Your link to offline grace period is useful and was not aware of that information.  I am not sure if there is a distinction between subscribers who pay monthly or annually.

It would still be useful if I could check what date the validation is due to expire and to invoke a validation event  prior to travel.  I sail offshore and sometimes in remote regions so I am sensitive to this issue.


----------



## Johan Elzenga (Jul 29, 2016)

Gnits said:


> Ok ... I stand corrected.
> 
> Your link to offline grace period is useful and was not aware of that information.  I am not sure if there is a distinction between subscribers who pay monthly or annually.
> 
> It would still be useful if I could check what date the validation is due to expire and to invoke a validation event  prior to travel.  I sail offshore and sometimes in remote regions so I am sensitive to this issue.
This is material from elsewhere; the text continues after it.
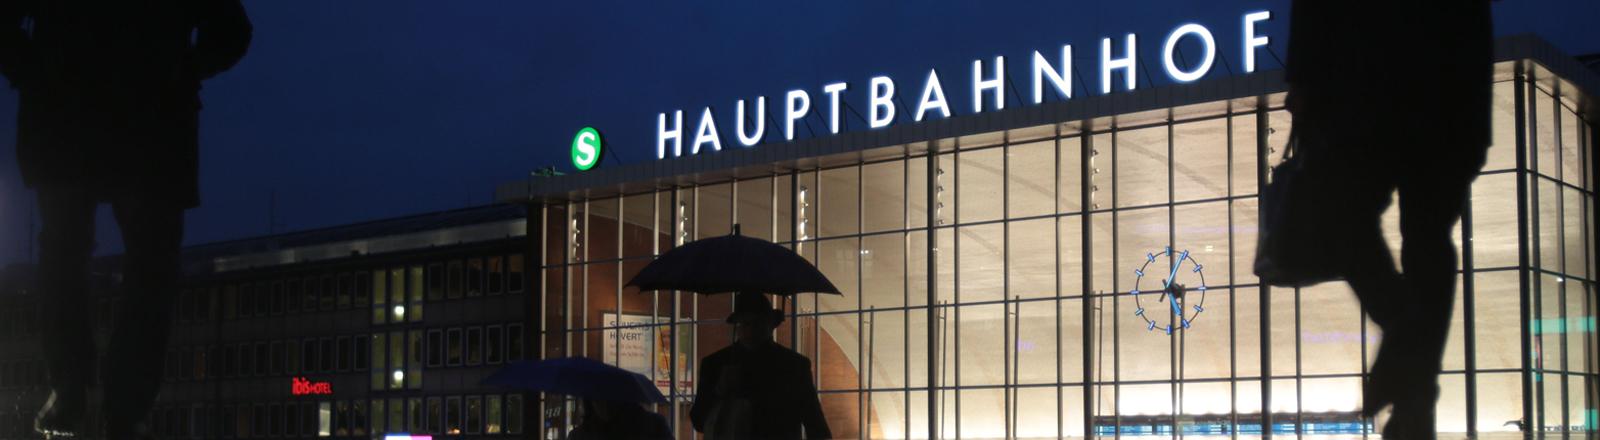 Blick auf den Kölner Hauptbahnhof bei Nacht.

The linked page says: "In offline mode, annual Creative Cloud members get 99 days of grace period; *month-to-month members get 30 days of grace period*."


----------



## Gnits (Jul 29, 2016)

99 days / 30 days grace seems reasonable to me. Permanent licence if you need more than that.  More transparency to the user on this issue would be useful and so easily achieved. 
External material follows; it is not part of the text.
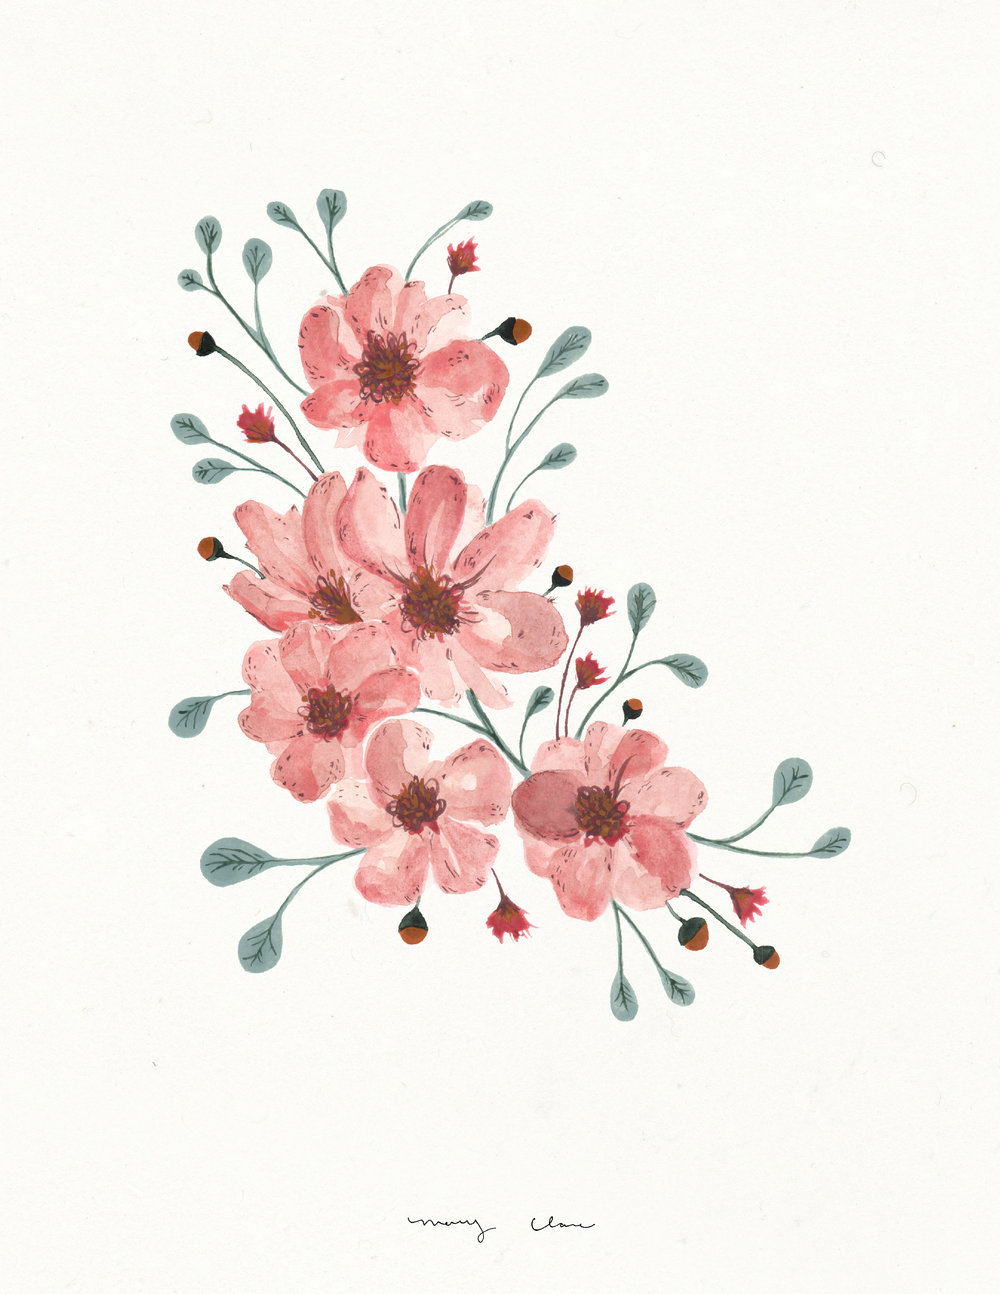 pinkflowers-blue-flowers-greenleaves-maryclarewilkie-03-02-01.jpg
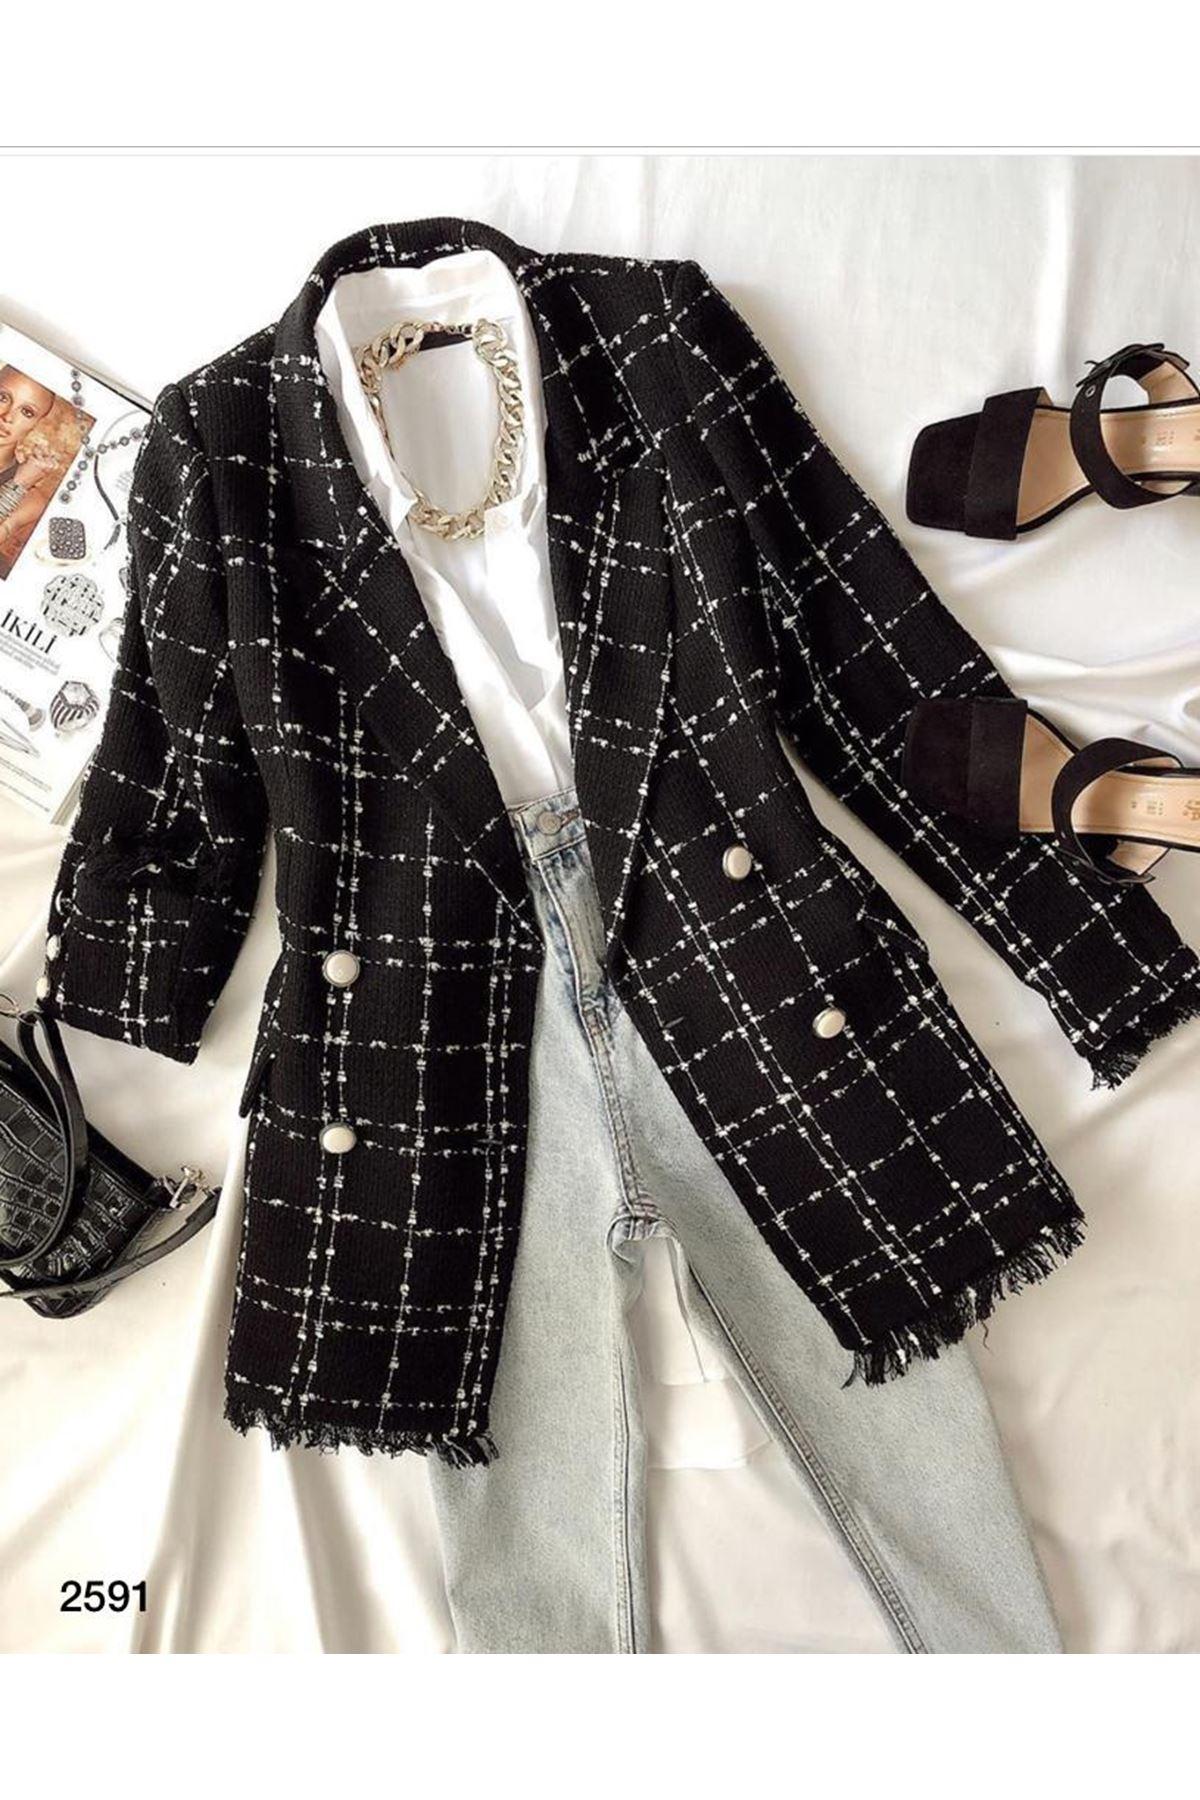 Düğme Detaylı Ceket - siyah

I still meet people who assume Lightroom CC means they are working from the cloud.


----------



## clee01l (Jul 29, 2016)

Gnits said:


> 99 days / 30 days grace seems reasonable to me. Permanent licence if you need more than that.  More transparency to the user on this issue would be useful and so easily achieved.
> I still meet people who assume Lightroom CC means they are working from the cloud.
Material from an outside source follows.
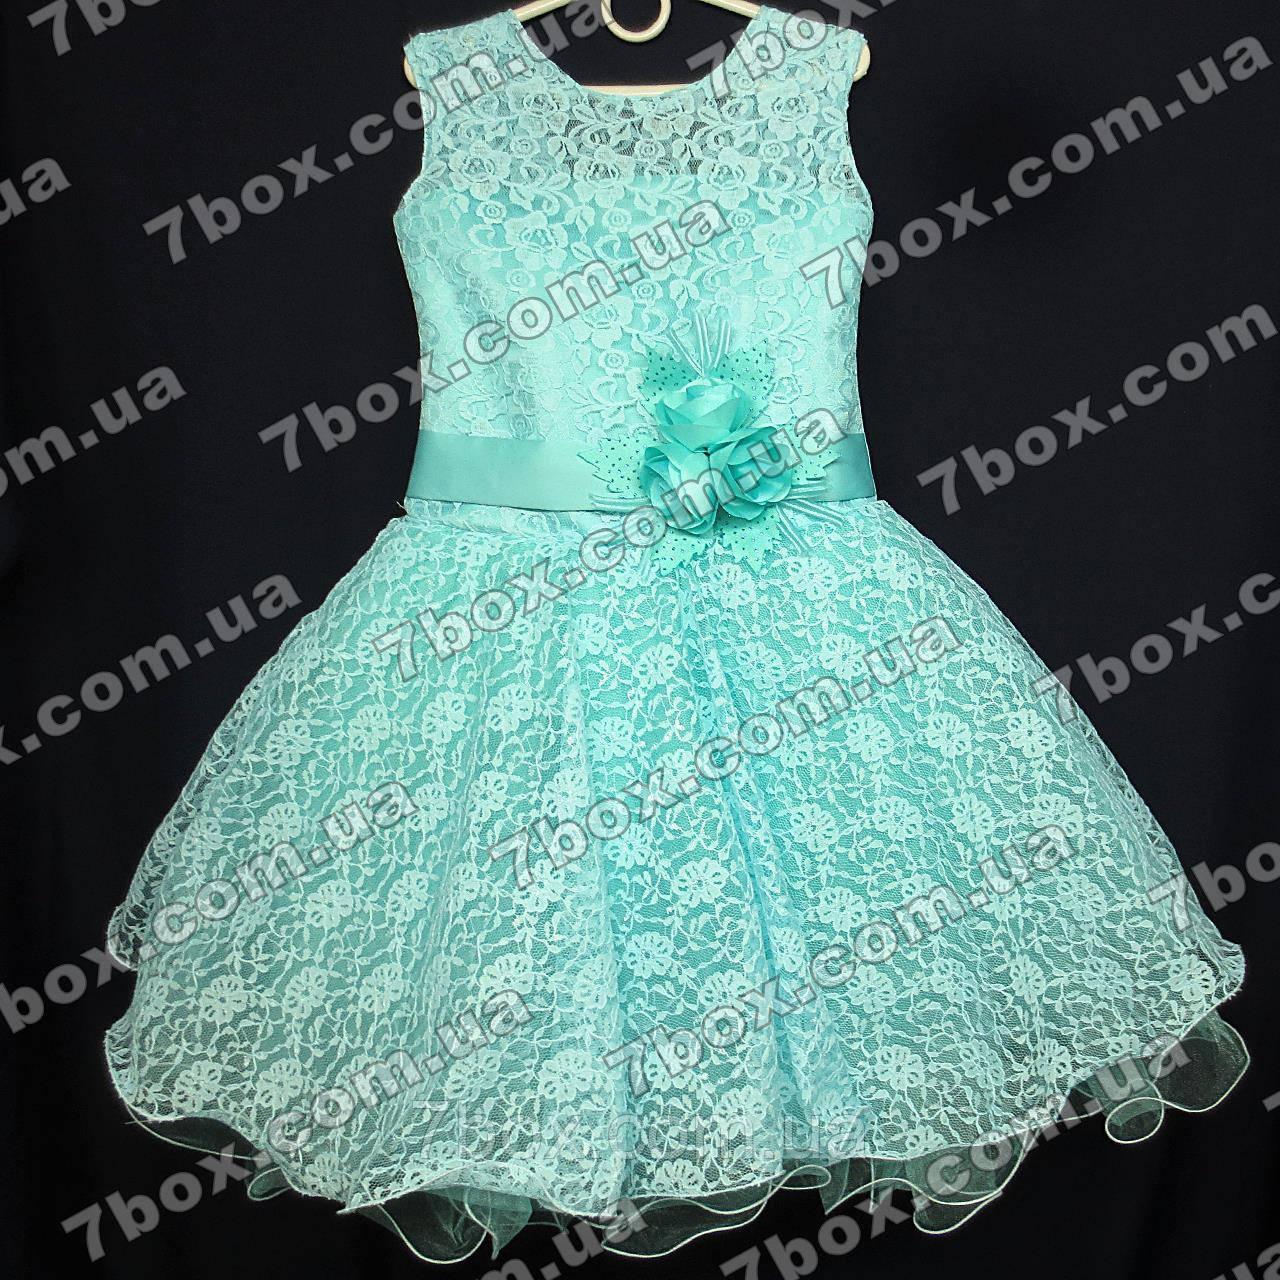 ba379d88fc2 Купить  платье бальное нарядное  в Одессе от компании

I've had an annual renewal for 2-3 years now.  Until Johan posted, I did not know that I got more than a 30 day grace.  Good to know but so far, I've never been away from the internet for even 30 days.   If you cancel your LR subscription, LR still functions with the existing LR inventory.  You can't use the Develop module or add new images.

I agree with Gnits, more transparency is needed on when your clock might run out.


----------



## PhilBurton (Jul 29, 2016)

Gnits said:


> 99 days / 30 days grace seems reasonable to me. Permanent licence if you need more than that.  More transparency to the user on this issue would be useful and so easily achieved.
> 
> 
> I still meet people who assume Lightroom CC means they are working from the cloud.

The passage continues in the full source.